Standard Language Ideology in AI-Generated Language

Genevieve Smith,Eve Fleisig,Madeline Bossi,Ishita Rustagi,Xavier Yin
2024-06-13
Abstract:In this position paper, we explore standard language ideology in language generated by large language models (LLMs). First, we outline how standard language ideology is reflected and reinforced in LLMs. We then present a taxonomy of open problems regarding standard language ideology in AI-generated language with implications for minoritized language communities. We introduce the concept of standard AI-generated language ideology, the process by which AI-generated language regards Standard American English (SAE) as a linguistic default and reinforces a linguistic bias that SAE is the most "appropriate" language.
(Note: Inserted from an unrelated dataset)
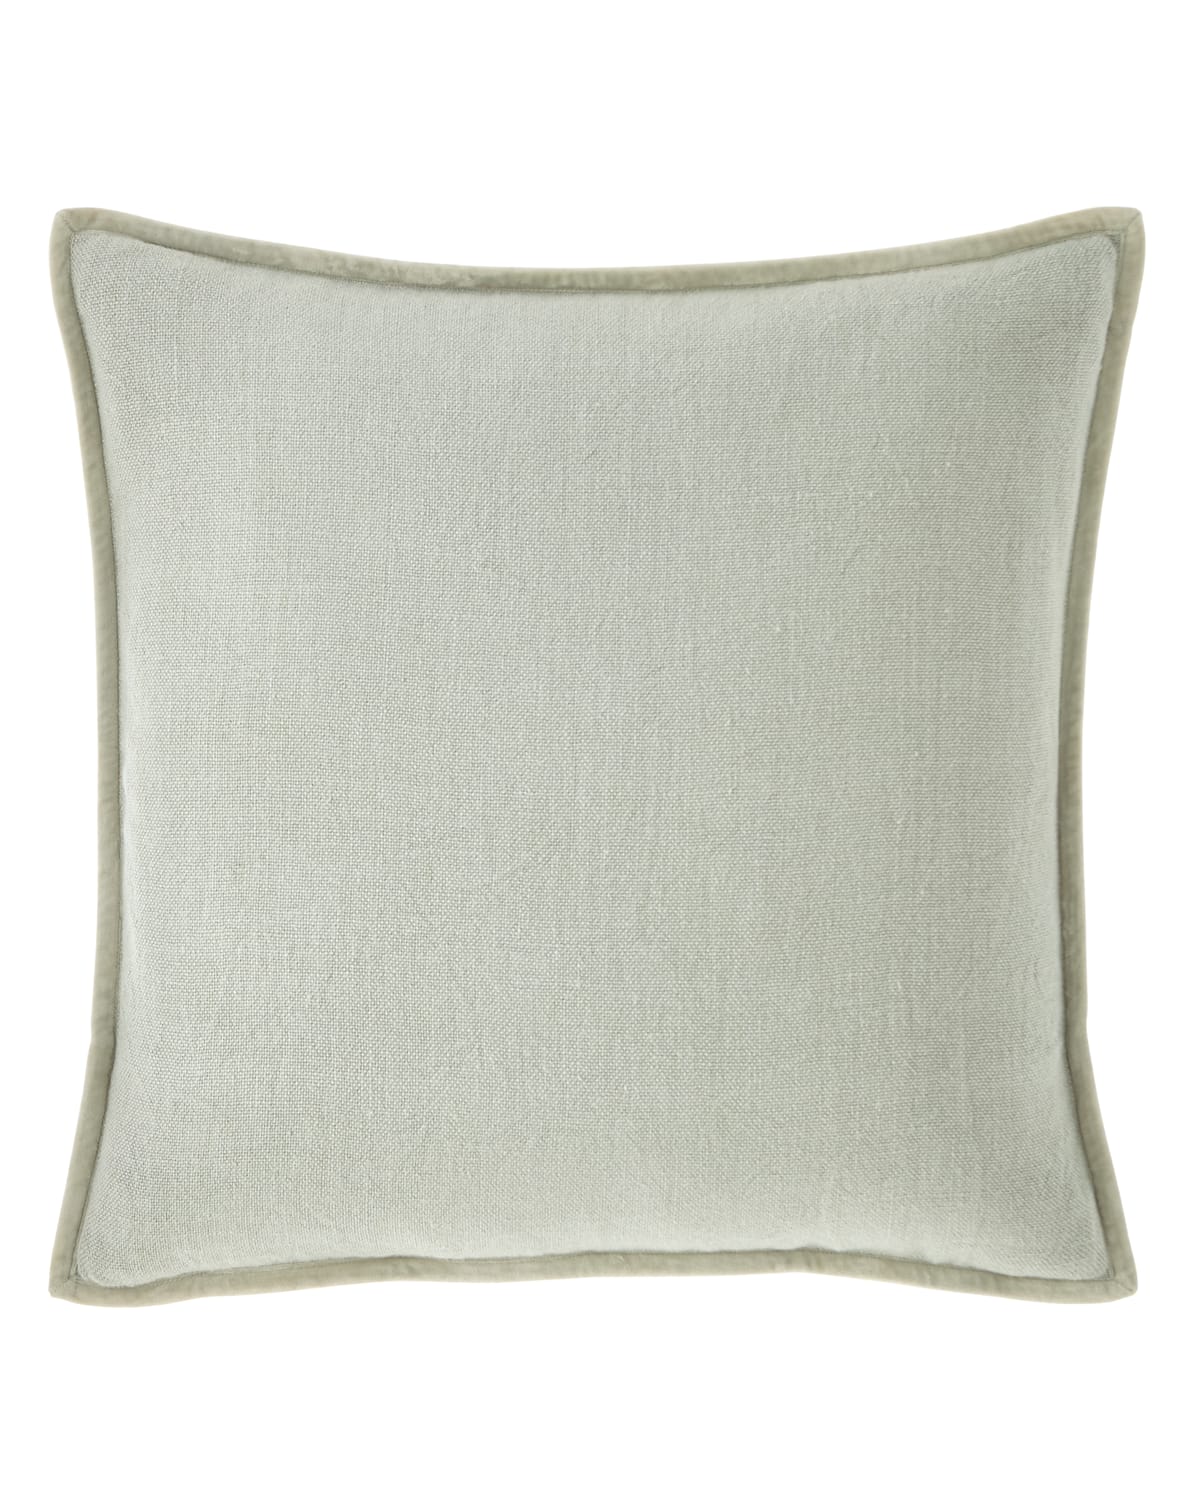 Image Ralph Lauren Home Sonya Decorative Pillow, 20"Sq.

Finally, we discuss tensions that remain, including reflecting on what desirable system behavior looks like, as well as advantages and drawbacks of generative AI tools imitating--or often not--different English language varieties. Throughout, we discuss standard language ideology as a manifestation of existing global power structures in and through AI-generated language before ending with questions to move towards alternative, more emancipatory digital futures.
Computation and Language
What problem does this paper attempt to address?
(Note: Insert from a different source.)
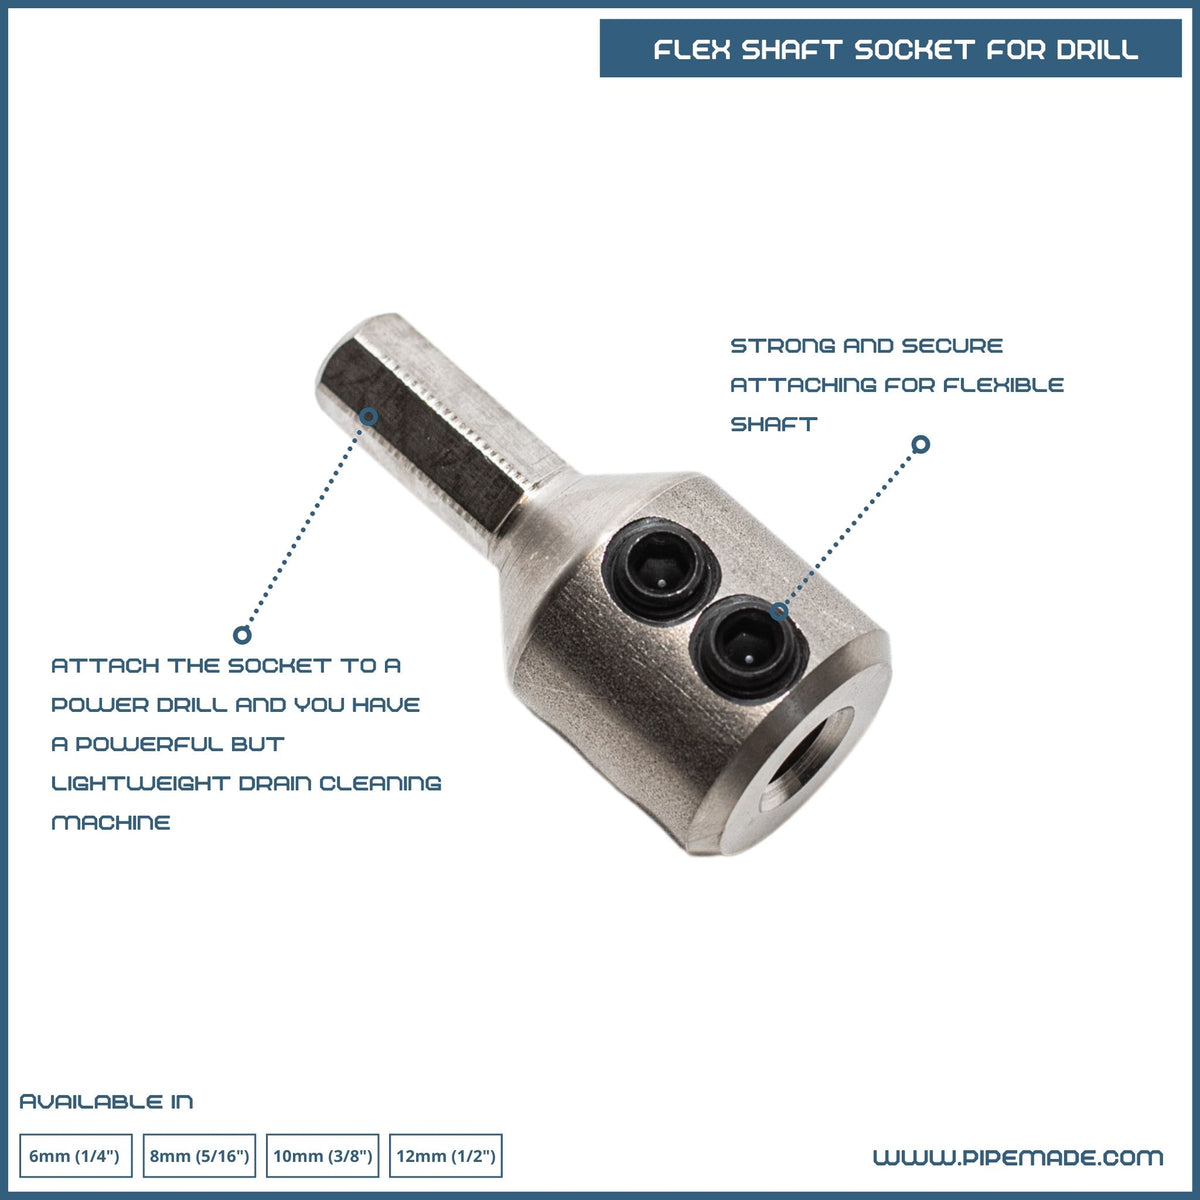 Standard Rotator Shaft Socket For Drill

This paper explores the issue of standard language ideology in large language models (LLMs). Standard language ideology refers to the preference and reinforcement of a standardized language, often associated with socially privileged groups who use the language. For example, in the United States, Standard American English (SAE) is considered the default language standard. This concept is reflected in AI-generated language, further reinforcing language hierarchies and creating inequalities for users of non-standard language variants such as African American English. The paper presents an open problem classification regarding the standard language ideology in AI-generated language and discusses its impact on different language communities worldwide. These include: 1. Default generation of "standard" language variants, which reinforces "correct" communication practices and may exacerbate people's inherent language biases. 2. Lower quality of service for minority language variants, resulting in more difficulties for users of these variants when using language models. 3. Stereotyping or depreciating content when generating minority language variants, inaccurately reflecting the richness of these language variants. 4. Appropriation or manipulation when generating minority language variants, particularly when non-native speakers imitate these variants inappropriately, resulting in the problem of "language mimicry" and inappropriate imitation of marginalized cultural groups. 5. Preventing the generation of minority language variants may result in lower service quality and even erasure of these languages, further reinforcing language hierarchies. The paper also highlights that the technicians and researchers involved in AI-generated language often come from specific social backgrounds, which may lead to biases and neglect towards certain language variants. The research suggests addressing and resolving these inequalities brought about by technology to support a more liberating digital future.